Hey guys, we have been using Watson Speech-to-Text. Although the platform is stable and it gives us good transcripts I’m wondering if anyone can suggest something else that is better? Just looking for opinions. Thanks

We use IBM/MS/Google regularly. For VM, I give a slight edge to Google, but all three are very comparable and the preference is largely subjective.

Google’s formatting (capitalization, punctuation, dates ,phone numbers, etc) generally wins IMO. It’s a small thing, but makes a difference in the “at a glance” readability of the message.

Again - very subjective - it’s not like I have done any analysis of word error rates or such. Just my opinion having compared routine messages run through all three products.

How would you go about installing something like this? Can it be used to dial out?
i.e. lift handset say ‘call Sue’ - STT performed, lookup done and Sue dialled?

This is very far from polished code but a world ago I was working on TTS and STT with the google cloud resources.

here are a couple of functioning go programs I kicked together to perhaps get someone going

(You will of course need a working gcloud account)

Speech to text . . . ( expects an asterisk like file in …/out.wav)

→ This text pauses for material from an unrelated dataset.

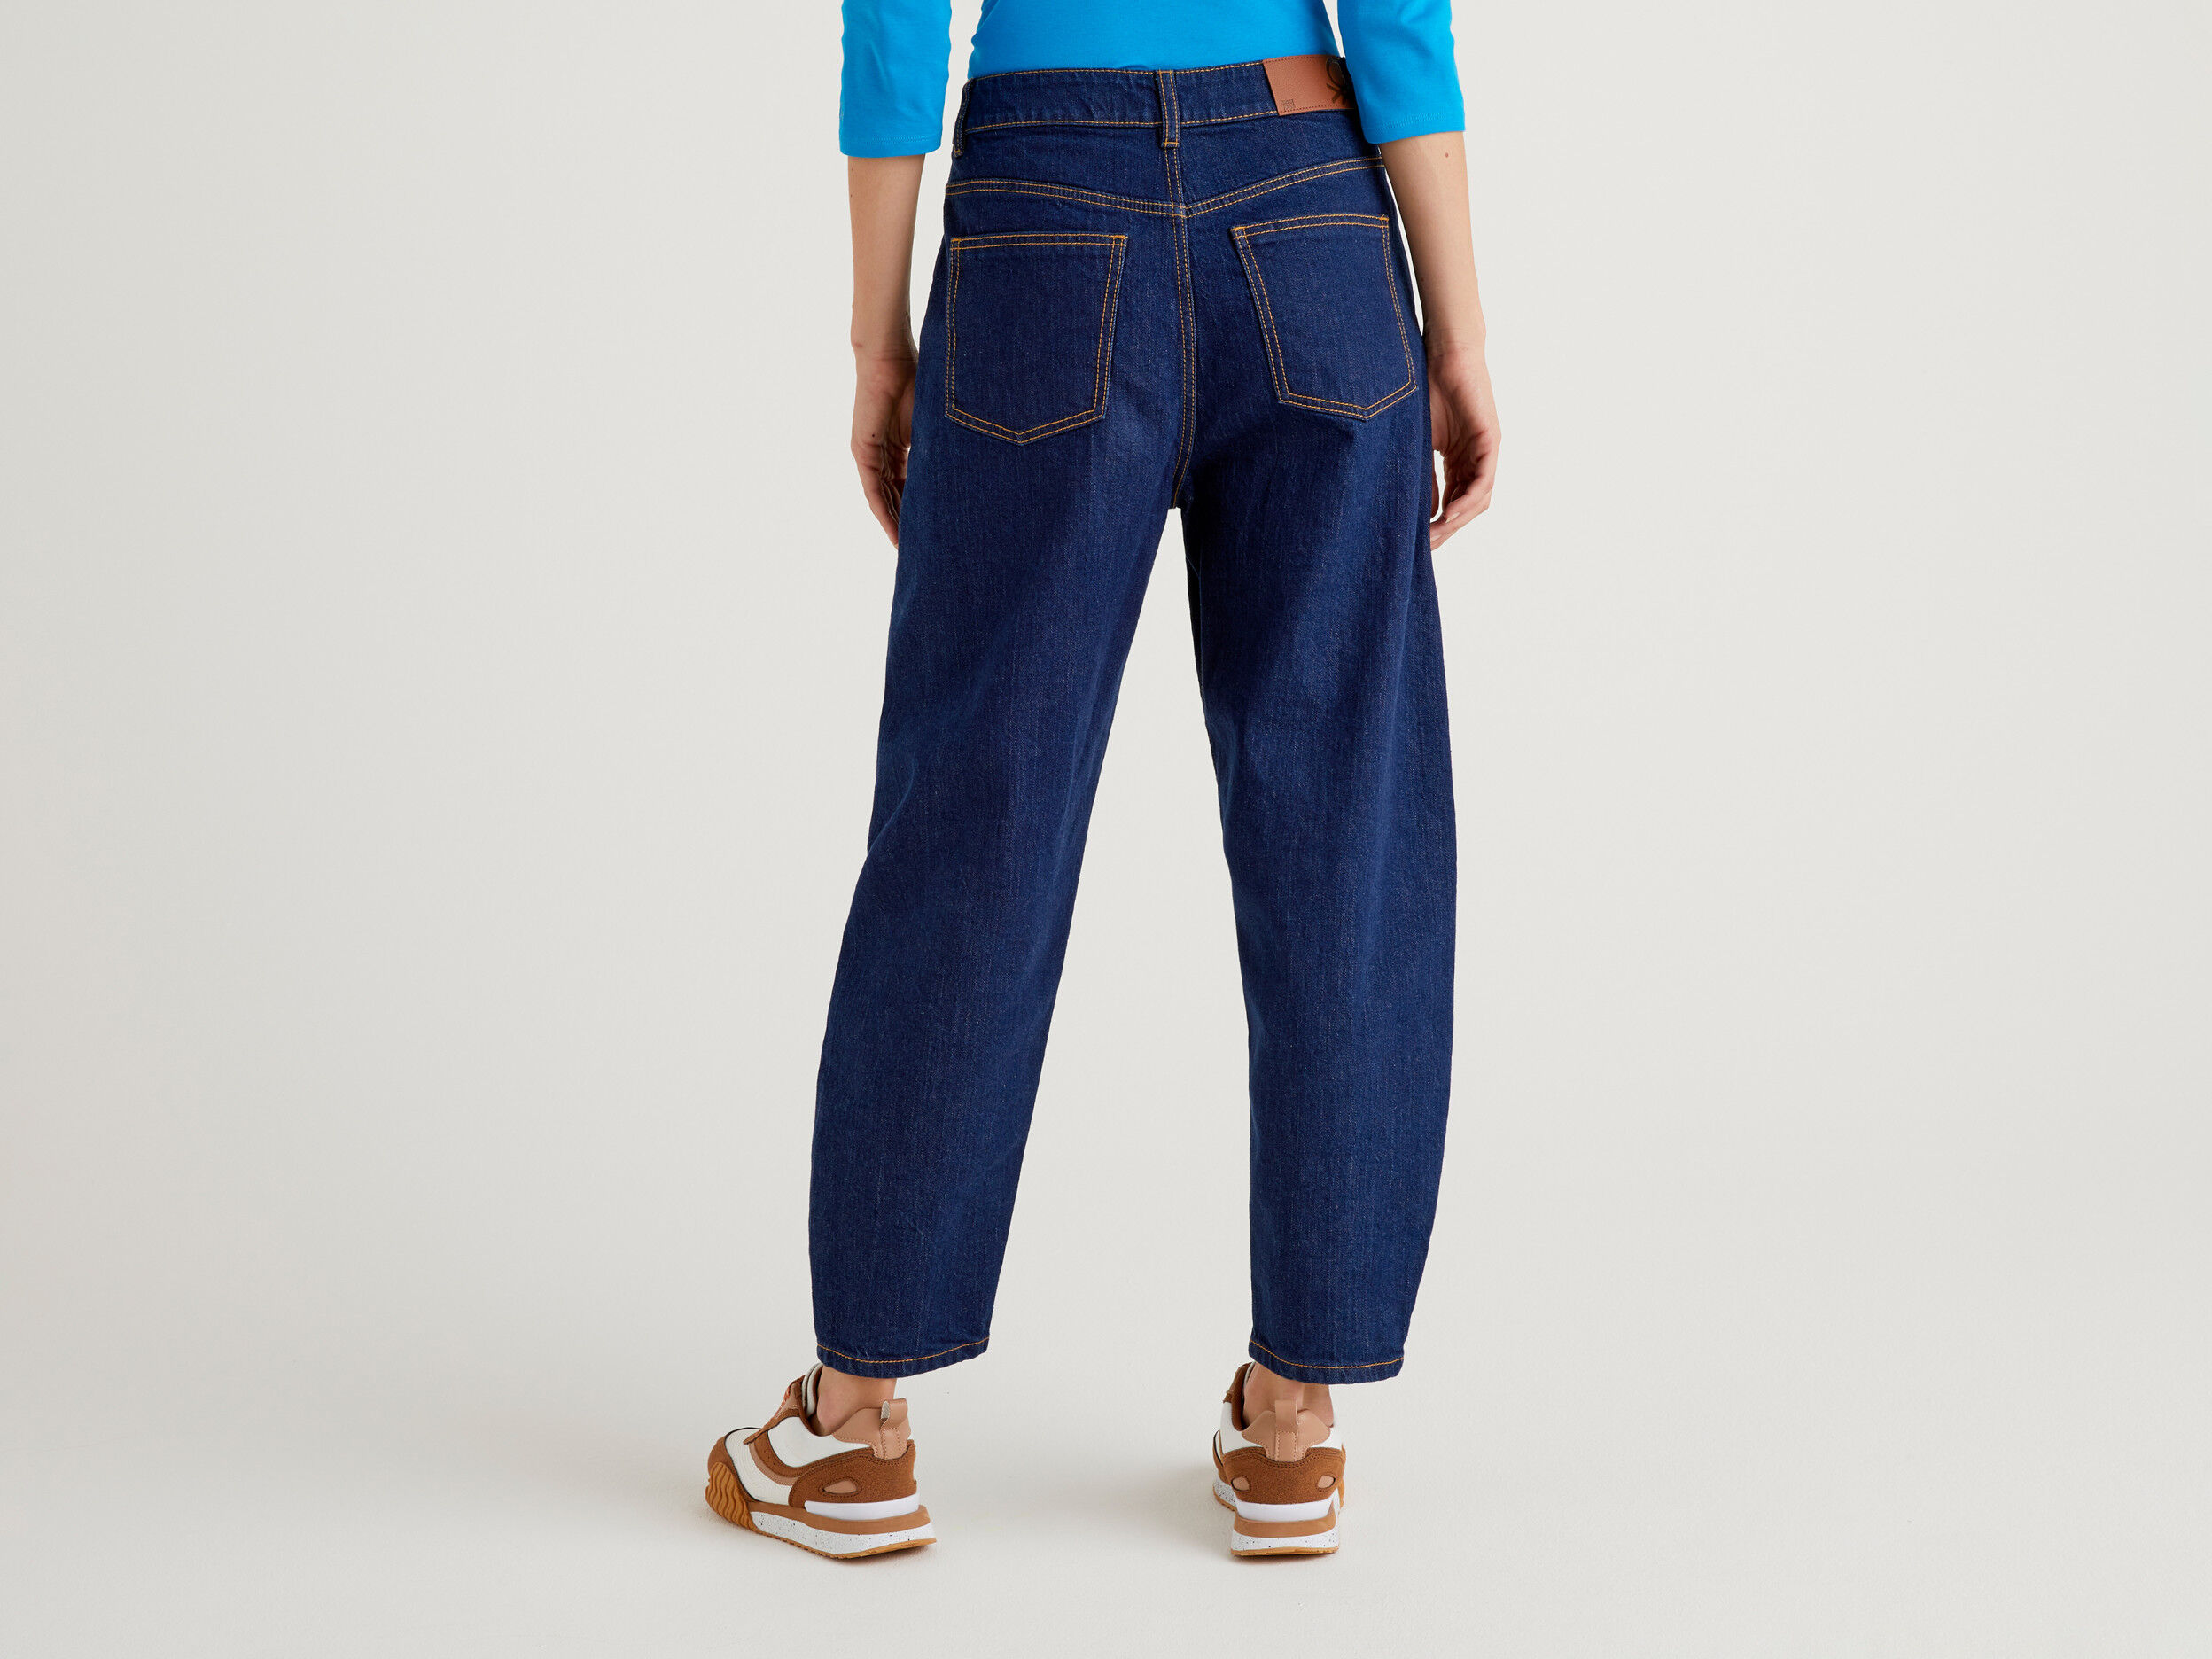 Jeans Straight Leg 100% Cotone United Colors of Benetton Uomo Abbigliamento Pantaloni e jeans Jeans Jeans straight

// arecord  -d 5 -r 8 -c1 -f S16_LE ../out.wav
// Sample  to transcribe
// audio.
package main

import (

        speech "cloud.google.com/go/speech/apiv1"
        speechpb "google.golang.org/genproto/googleapis/cloud/speech/v1"

func main() {
        ctx := context.Background()

        // Creates a client.
        client, err := speech.NewClient(ctx)
        if err != nil {
                log.Fatalf("Failed to create client: %v", err)

        // Sets the name of the audio file to transcribe.
        filename := "../out.wav"

        // Reads the audio file into memory.
        data, err := ioutil.ReadFile(filename)
        if err != nil {
                log.Fatalf("Failed to read file: %v", err)

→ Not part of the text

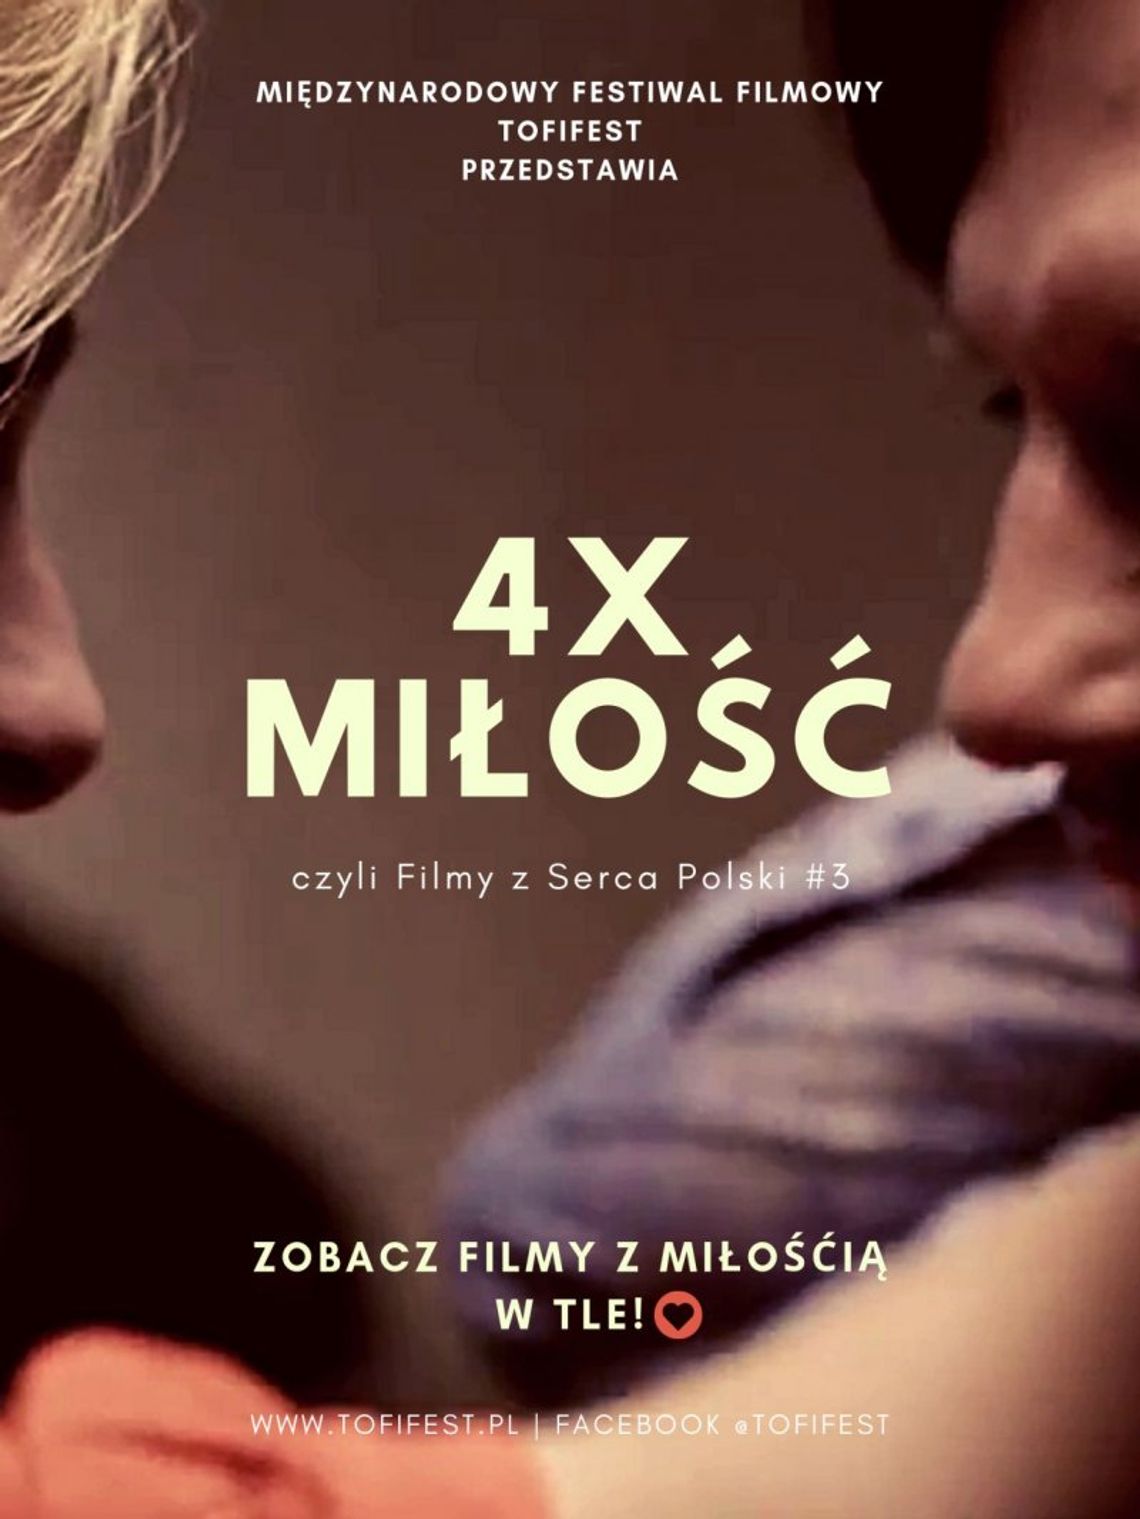 TOFIFEST - Filmy z Serca Polski #3 czyli “4x Miłość”

        // Detects speech in the audio file.
        resp, err := client.Recognize(ctx, &speechpb.RecognizeRequest{
                Config: &speechpb.RecognitionConfig{
                        Encoding:                   speechpb.RecognitionConfig_LINEAR16,
                        SampleRateHertz:            8000,
                        LanguageCode:               "en-US",
                        EnableAutomaticPunctuation: true,
                        Model:                      "phone_call",
                        //                        Model:           "video",
                        UseEnhanced: true,
                        //                  SpeechContext: {Phrases: []},

                Audio: &speechpb.RecognitionAudio{
                        AudioSource: &speechpb.RecognitionAudio_Content{Content: data},
        if err != nil {
                log.Fatalf("failed to recognize: %v", err)

        // Prints the results.
        for _, result := range resp.Results {
                for _, alt := range result.Alternatives {
                        fmt.Printf("\"%v\" (confidence=%3f)\n", alt.Transcript, alt.Confidence)

This to generate a grammatically formatted .wav file given a phone number and a country code, call it with argument 1 as phone nunber and argument 2 as country code, e.g. US for US FR for France, the output is obviously in US English, but of course you can use any of gcloud’s supported languages/voices.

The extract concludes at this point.